Spinach is a great vegetable to supplement your diet. This green leafy vegetable is rich in vitamins and minerals.
It is one of the most nutritionally dense foods. In addition to folate, the vegetable has high levels of fiber, beta carotene, vitamin C, and vitamin K1. Spinach also contains several antioxidants such as lutein, quercetin, kaempferol, and zeaxanthin.
Spinach is an excellent source of lutein, an antioxidant known to protect against age-related eye diseases such as muscular degeneration and cataracts.

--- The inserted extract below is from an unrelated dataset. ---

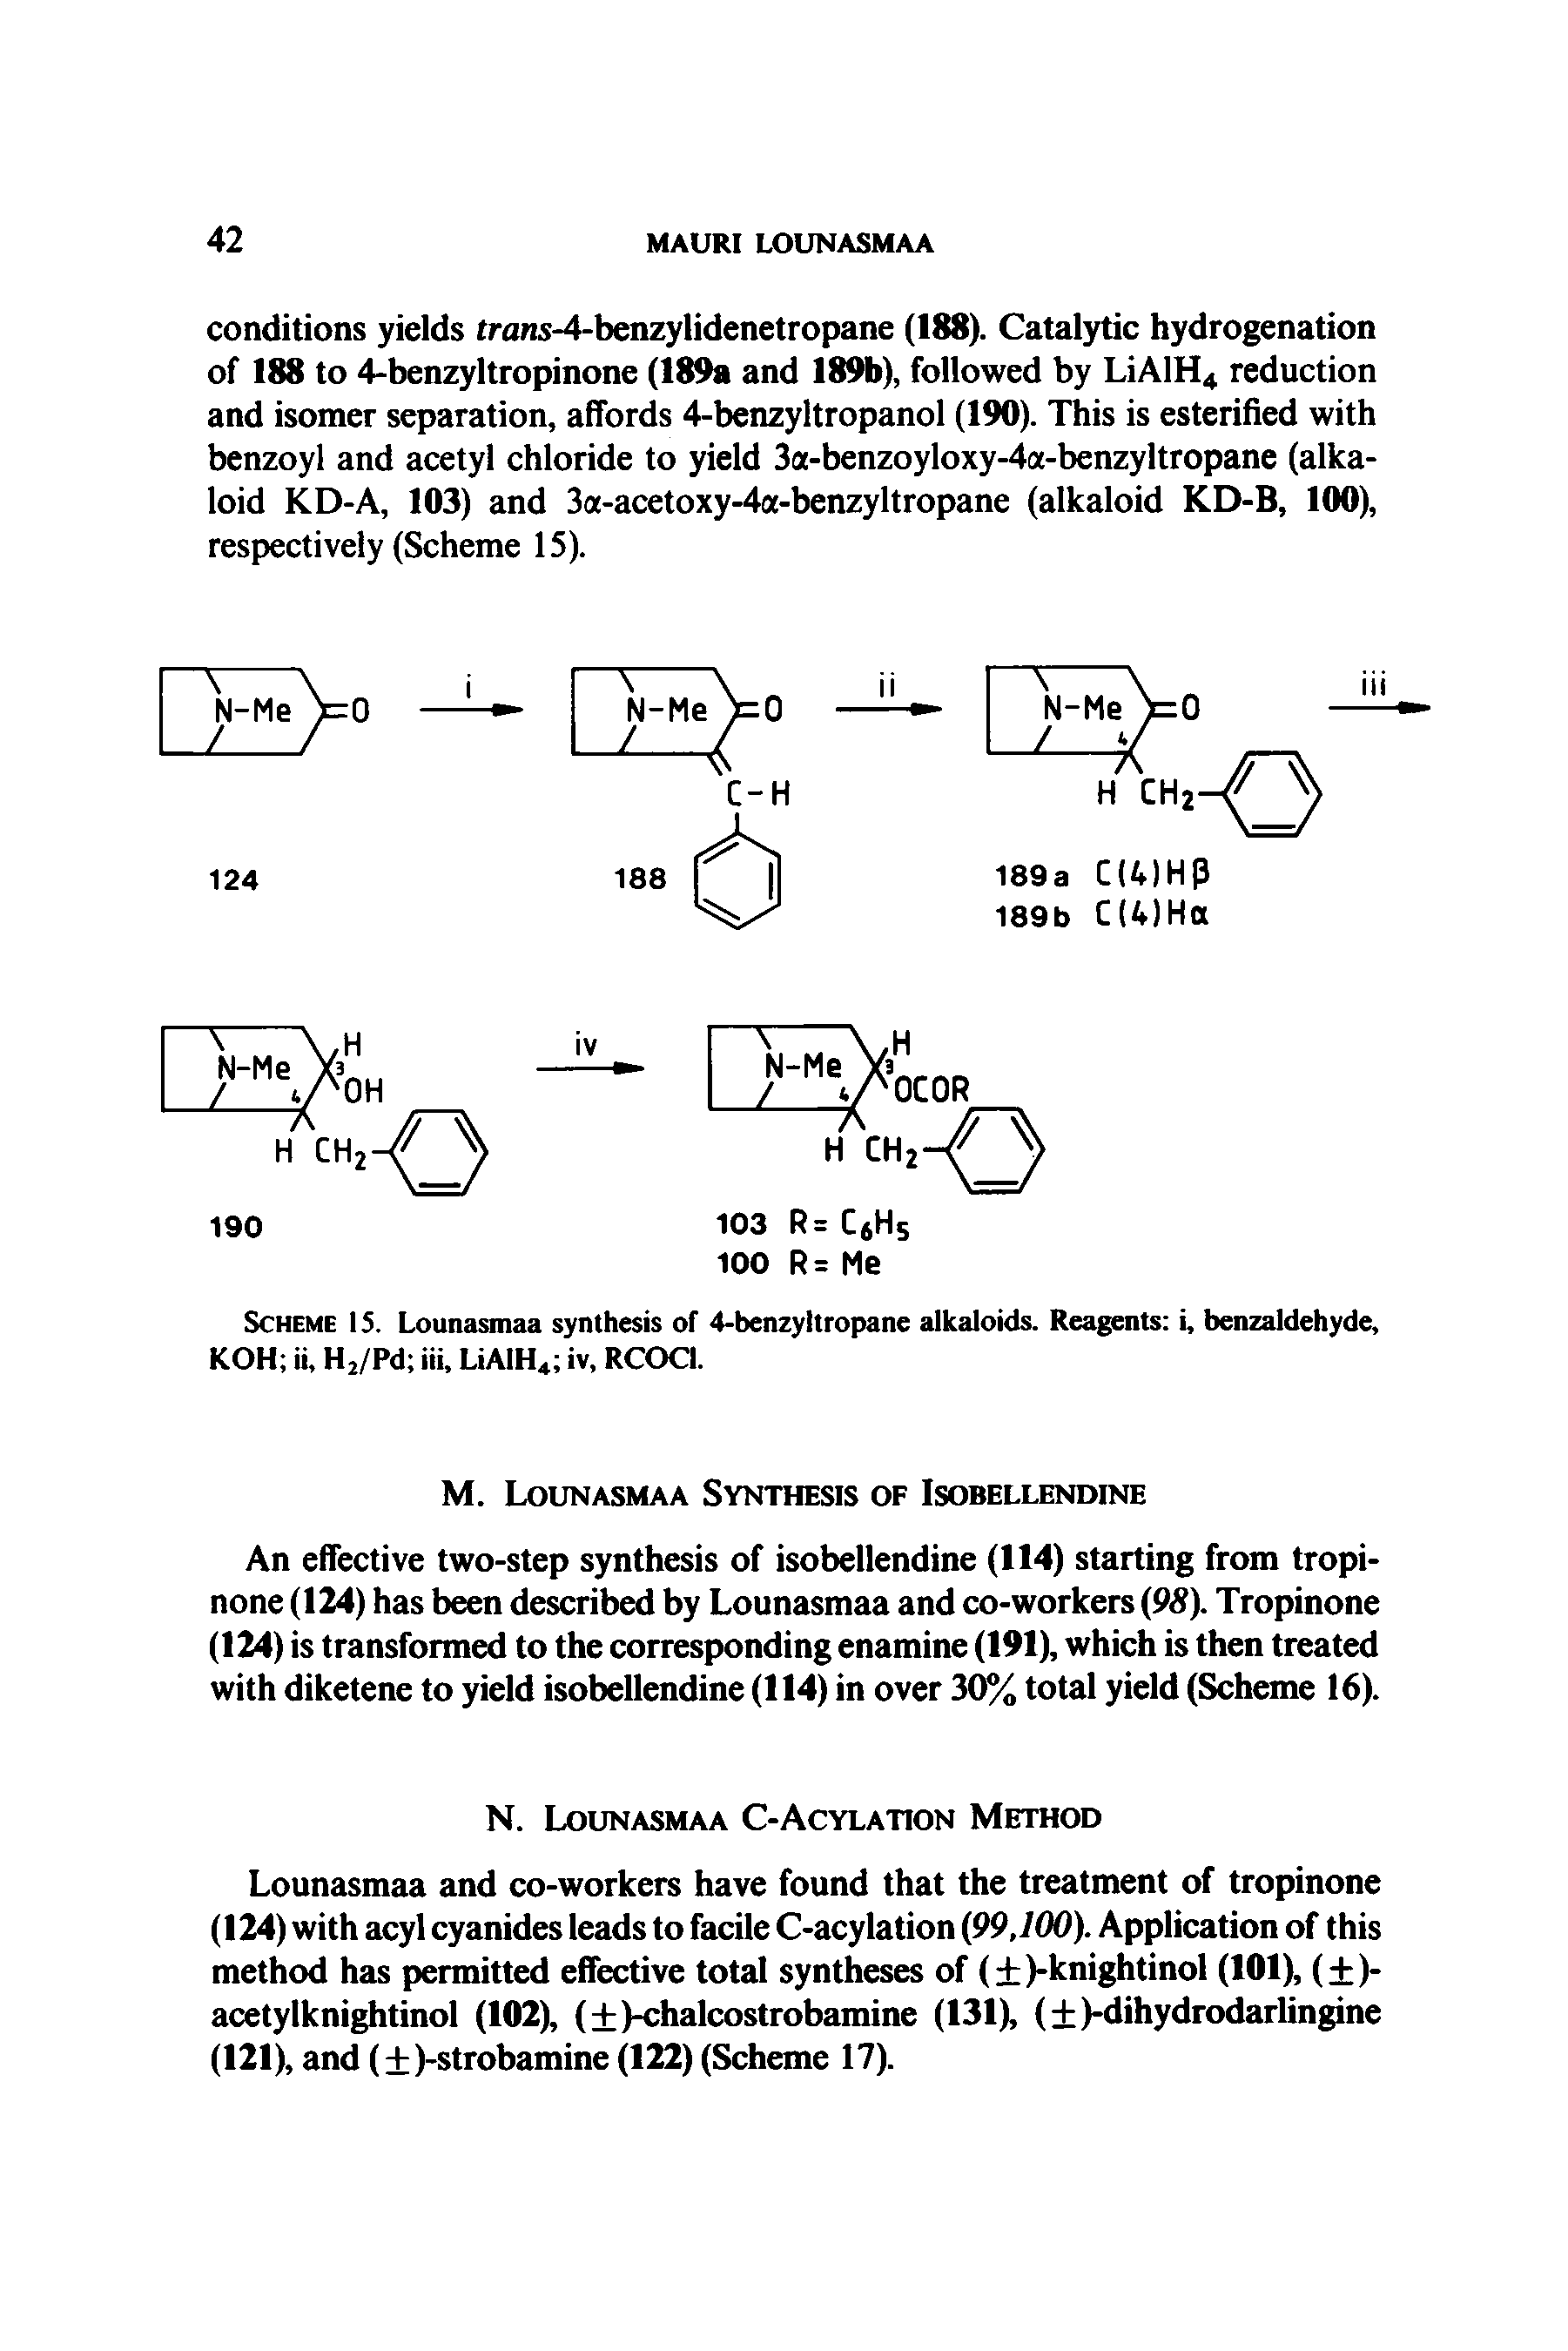 Scheme IS. Lounasmaa synthesis of 4-benzyltropane alkaloids. Reagents i, benzaldehyde, KOH ii, H2/Pd iii, LiAIH4 iv, RCOCI.

Studies show that people taking lutein supplements have a lower risk of retinal degeneration, a leading cause of visual impairment and blindness.
A 100 gram of spinach contains: 
- Calcium: 99 mg
- Iron: 2.71 mg
- Magnesium: 79 mg
- Phosphorus: 49 mg
- Potassium: 558 mg
- Sodium: 79 mg
- Zinc: 0.53 mg
- Copper: 0.13 mg
- Manganese: 0.897 mg
- Fiber: 2.2 g
If you want plenty of nutrients without many calories, the precise strategy is to take dietary supplements. However, supplements cannot replace a healthy diet. An ideal way to get all the essential nutrients is to fill your diet with the most nutritionally dense foods.
Foods rich in nutrients are high in nutrients relative to their calorie content. These include a variety of healthy foods such as vegetables, fruits, liver, and seafood. Adding the above foods to your daily diet will help you take essential nutrients for optimal health.